Roy Clinton hypnotizes and empties the memory of an elevator operator
and a secretary to kill wealthy Hart Bellairewitness the reflection
of the production crew in HART BELLAIRE BUILDING's plate. As in "The
Sixth Finger", Professor Clinton's moral values are twisted and reversed:
the end justifies the means. Professor Clinton is a drug proselyte and
restrains his brother-in-law to become an ally in his cause. A cause that
includes the manslaughter of one thousand persons. Notice the shadow of
a microphone boom when recently-drugged Peter Wayne lying on the bed talks
to Roy Clinton. Moreover, drugged Clinton suffers from schizophrenia and
megalomania because his second self has delusion of grandeur ("Why not, if God's too busy? Who's to say that it's not his will, that we're not his agents!")
and self-hypnotizes his real self to control him ("I can't let him
know about me, he's too traditionally moralistic, too shallow-thinking...").
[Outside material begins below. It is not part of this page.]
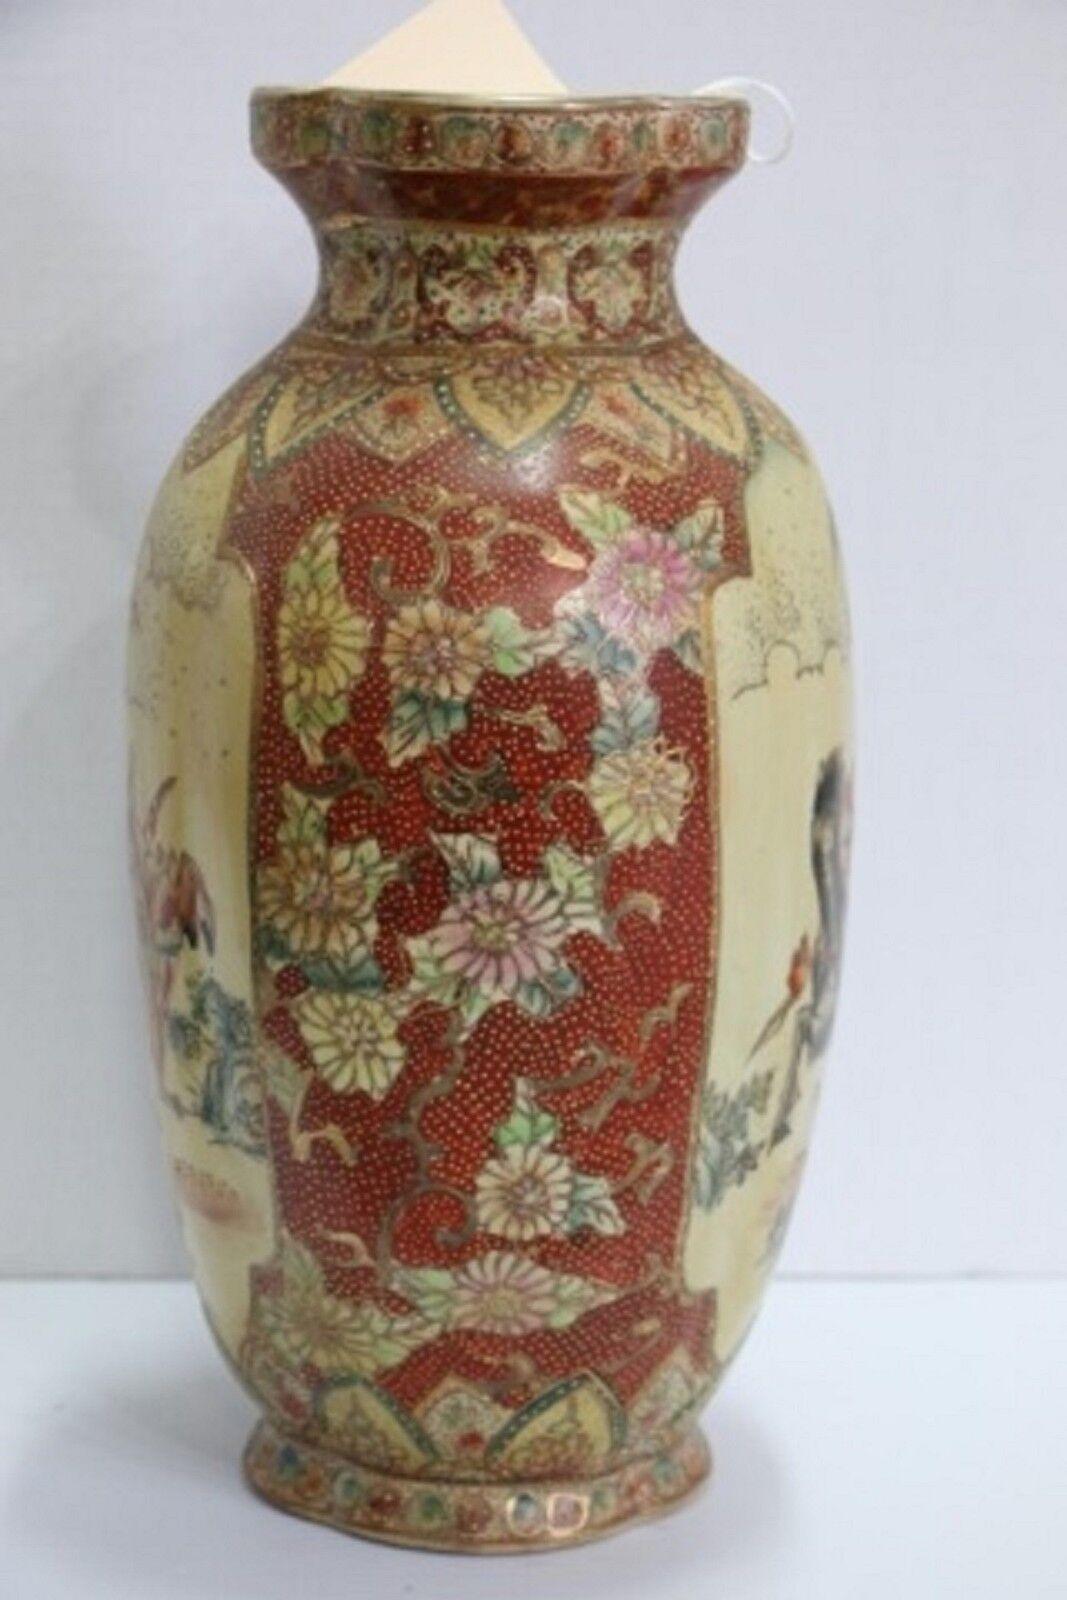 Royal satsuma vase hunting scene signed on the base made in royal satsuma vase hunting scene signed on the base made in china 14 tall reviewsmspy

Detective Alger guns Clinton down three times who doesn't bleed. Actor
Aki Aleong remains in his field of scientist character as in his "The
Hundred Days of the Dragon". This episode shows a chemically-induced
mind-reader with a deformed face as in the season 1 "The Sixth Finger"
and "The Mutant". Mind-reading is also the power that the alien-possessed
characters of "The Inheritors" obtain. Despite "Alfred
Hitchcock Presents" writer Francis Cockrell, here's another interesting
premise destroyed by a cheap tedious and laborious execution with a petrified
pace. A talky campus/whodunit-formated episode with a "Dragnet"
police procedure approach whose plot is derived from Robert Louis Stevenson's
"Dr. Jeckyll and Mr. Hyde". It also reminds me Nicholas Ray's
1956 "Bigger than Life", starring James Mason as a cortisone
addict high school teacher with harsh standpoints.